Он же ради происшествия этого и припёрся. А тут чаи, беседы на отвлеченные темы о смысле жизни и иных высоких материях. Чудовища же ночного будто и не было. И сомневаюсь, что господин дознаватель опасался нанести мальчику непоправимую психологическую травму.
Нет…
Дело в ином.
В чём?
Он знал, что случилось? Без Савкиных показаний.
— Он хороший.
— Да просто замечательный, — соглашаюсь с Савкой, сожалея, что привязаны мы к кровати, точнее Савка. Ну и я с ним.
Мне бы бесплотной тенью выйти.
Прогуляться по здешним коридорам в виде призрака. Да и послушать, о чём любезнейший Михаил Иванович беседует с другими свидетелями.
И отзываясь на желание моё, внутри шевельнулось… что-то.
Часть меня?
Такая, которая подалась наружу, готовая покинуть Савкино тело? Это… возможно? Хотя… я ж не пробовал. А если…
Я сосредоточился, подталкивая эту часть. Потихоньку… понемногу.
— Ой, — Савка поднял руку и растопырил пальцы, над которыми будто дымка собралась. Но вот она обрела плотность и с руки скатилась тень.
Натуральная.
Этакой чёрной каплей, хорошо видимой нами обоими. Она плюхнулась на колени, соскользнула на пол, собираясь и вытягиваясь черным ужом.
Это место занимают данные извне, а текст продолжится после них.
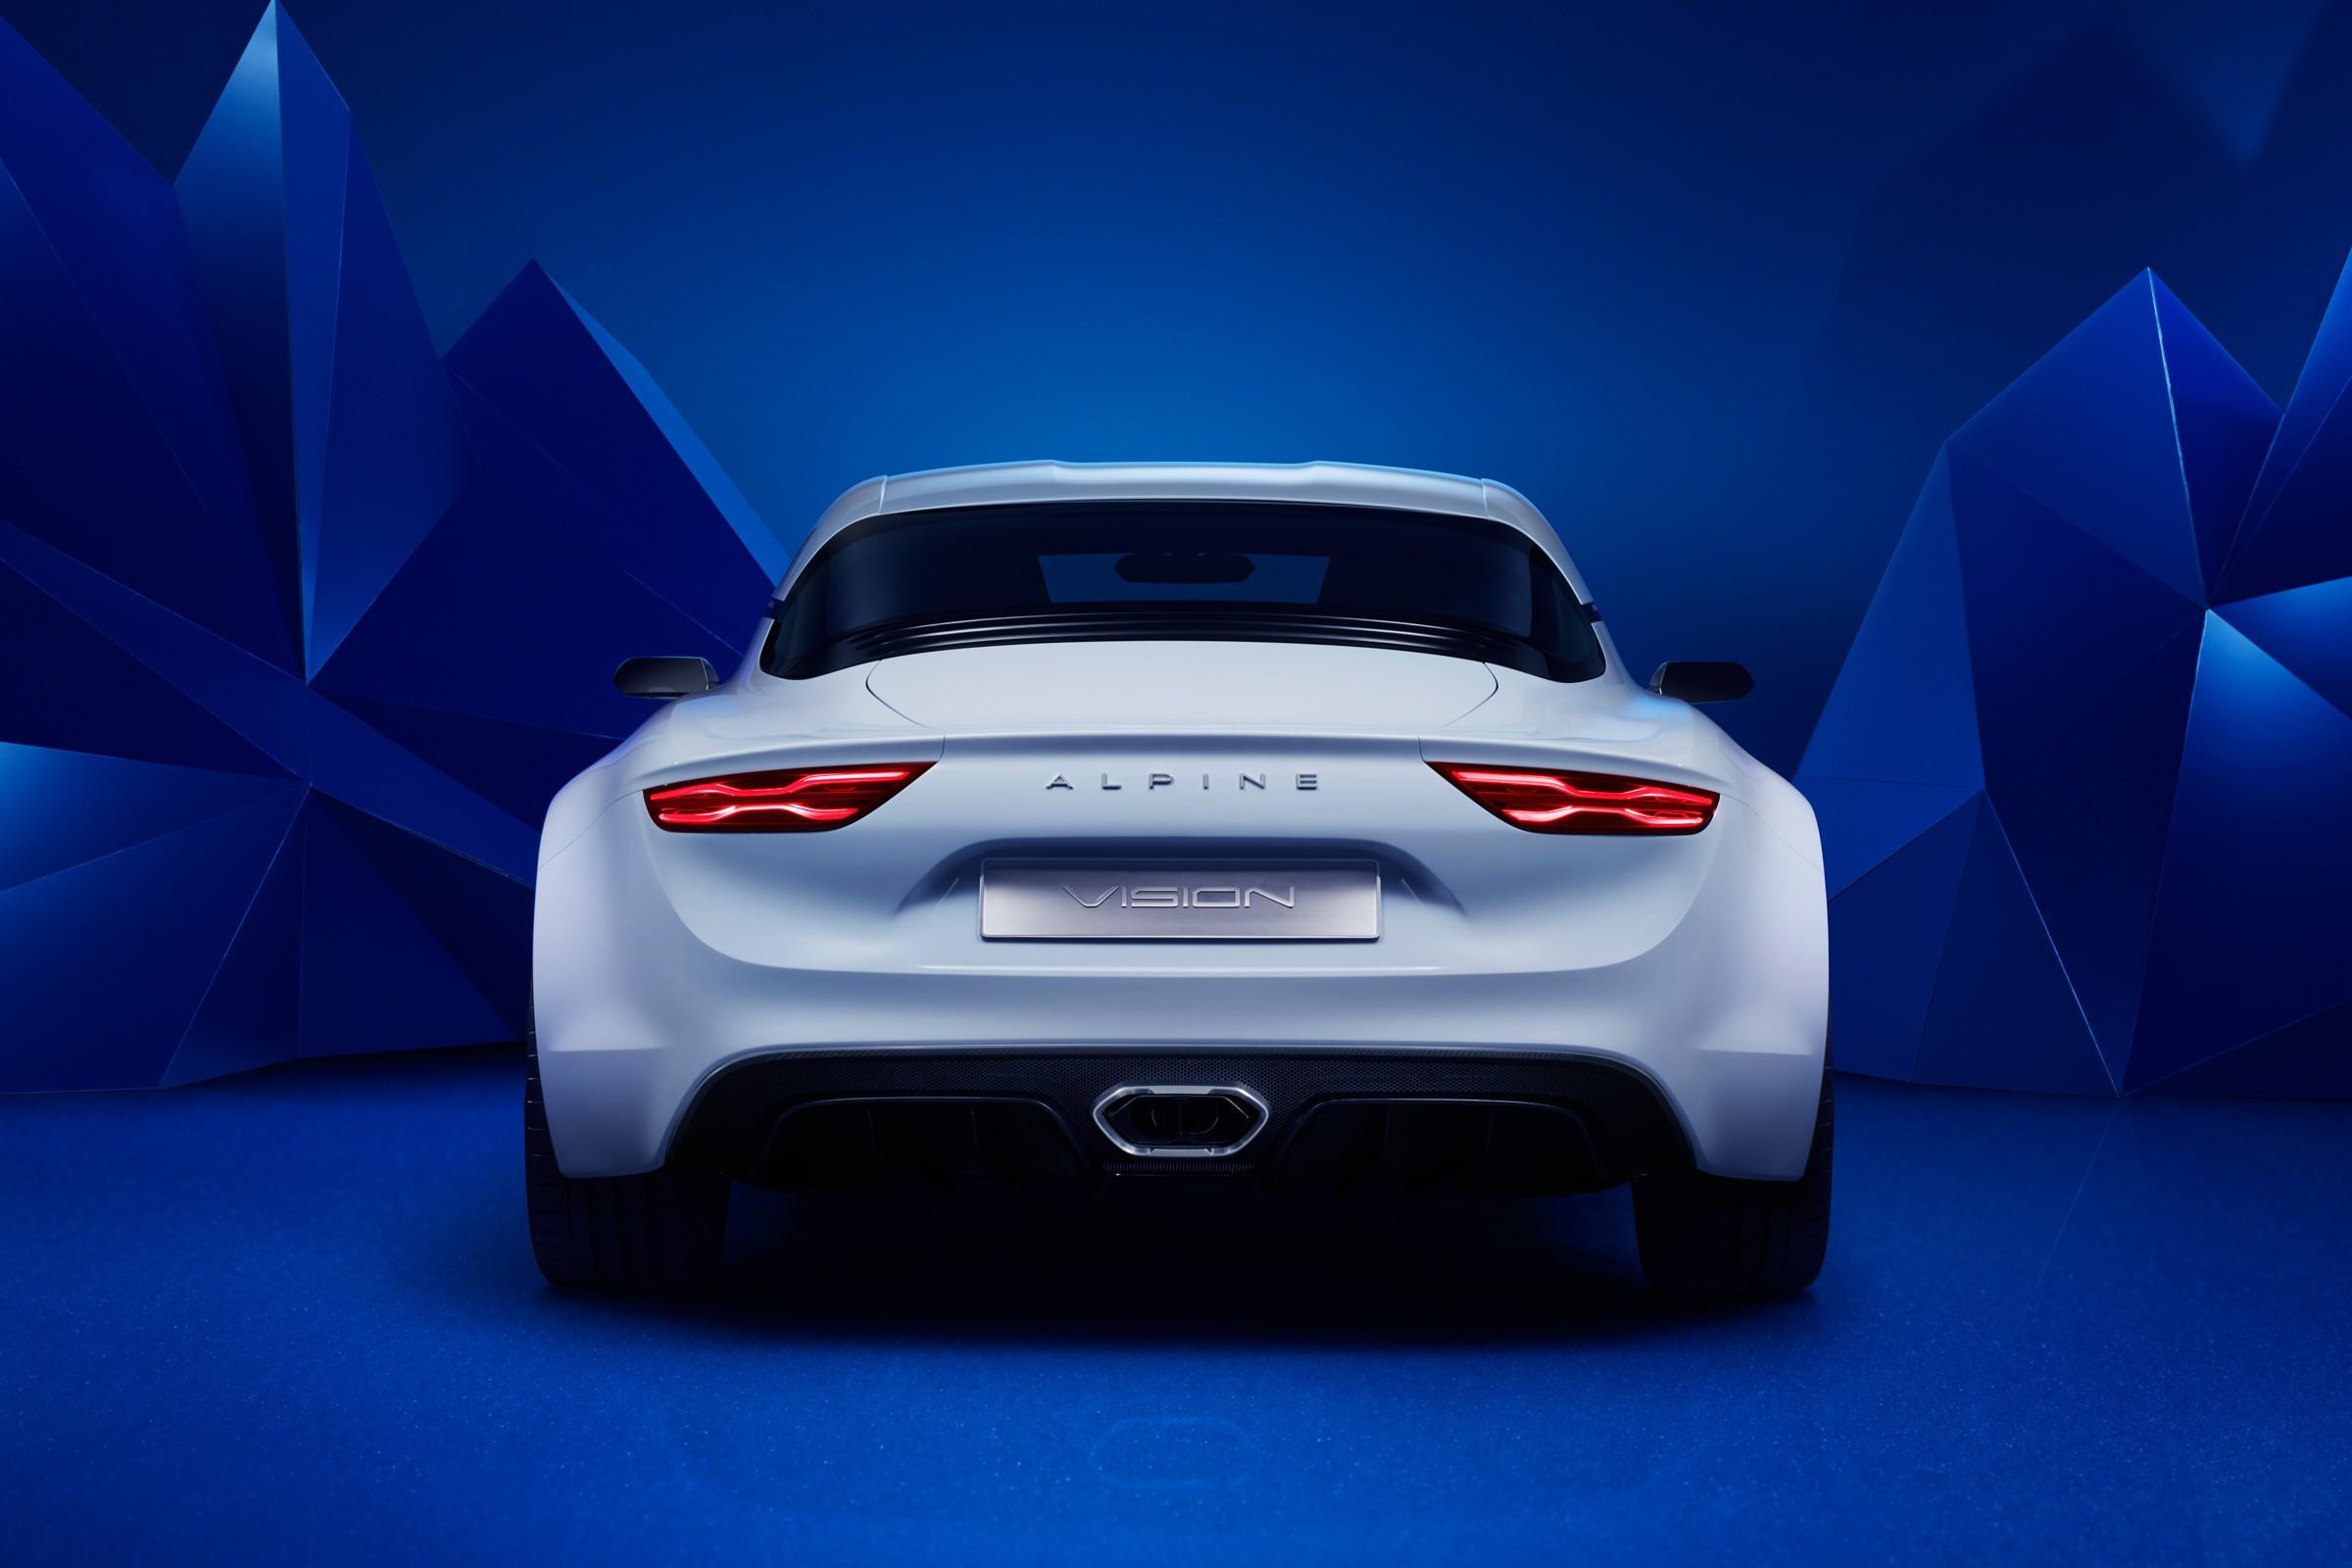 Alpine Brand Still Considers Developing An SUV Based Renault
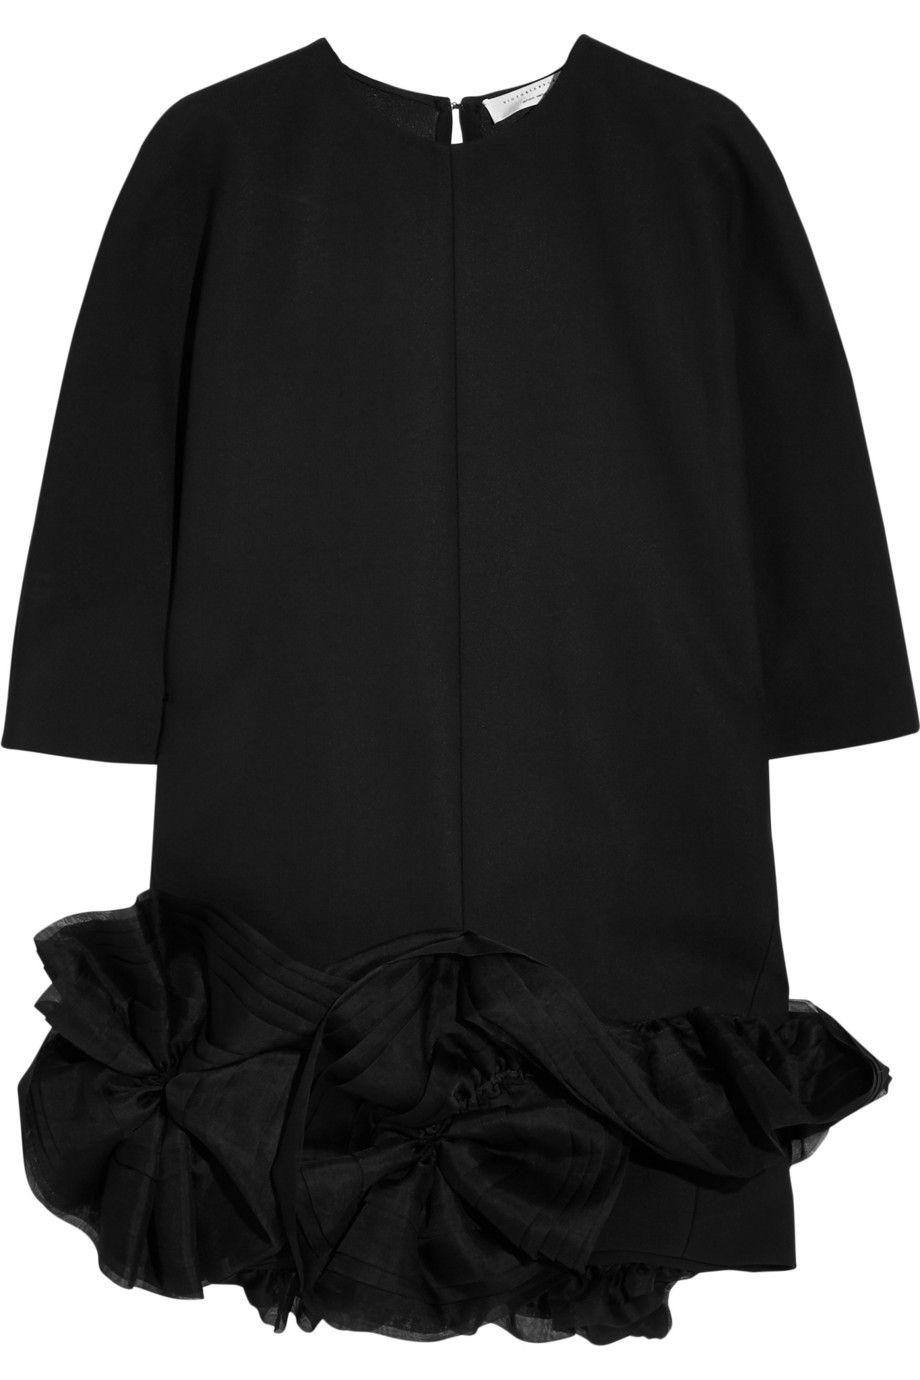 Victoria Beckham|Silk organza-trimmed crepe mini dress|NET-A-PORTER.COM

А потом, извиваясь, споро поползла к двери. Причем сейчас икона, над этой дверью висящая, тень нисколько не смутила.
— Спокойно, — сказал я, потому как Ставке пришлось закрыть рот руками. — Это теперь наша тень. Чувствуешь? Ты с ней связан. И она подчиняется тебе.
Или мне?
— Не кричи. Не будешь?
Савка мотнул головой и поинтересовался, отчего-то шепотом.
— Она нас слушается?
Слушается.
А ещё от нас к тени протянулась тончайшая полупрозрачная нить силы.
— То есть, она теперь домашняя?
Пожалуй что.
— А как?
Если бы я знал. Но я не знал и потому лишь руками развел. Мысленно.
— Наверное, это дар такой, — предположил Савка.
Возможно.
Змея выползла в коридор. И вот теперь я чувствовал, что сил она тянет прилично. Так, надо решать, то ли отправлять дальше, то ли…
— Я категорически протестую! — голос Евдокии Путятичны раздался в голове. — Это… Это недопустимо!
Тень прижалась к стене и растеклась по ней темной лужей, которая впитывала каждый звук.
— Это опасно. Для всех… Если дар мальчика перешёл в активную фазу…
— Вот от вас, Евдокия Путятична, не ожидал этакой косности, — Михаил Иванович был благодушен. — Ладно, простолюдины, но вы-то княжна урождённая. И образование получили отменнейшее… и такие глупости. И вправду верите, что Охотники приманивают тени?
— Я… это просто… но ведь ночью… она же появилась.
— Камень.
— Что?
— Будьте добры отдать камень, который вы или ваш человек припрятали. Где он лежал?
А мужик своё дело знает. Скоренько два плюс два сложил.
— Под кроватью, верно?
— Я… просто…
— Испугались.
— Да.
— Но не настолько, чтобы не позвонить мне.
— Извините.
— Все мы люди, все мы человеки. И не мне осуждать чужие слабости. Вы правильно сделали.
— Надо было сразу. И ничего не трогать.
— Отнюдь, Евдокия Путятична, отнюдь… ваша эскапада наоборот сыграет на руку. Объявим всё несчастным случаем. Скажем, произошёл стихийный прорыв где-нибудь неподалёку… есть подходящее место?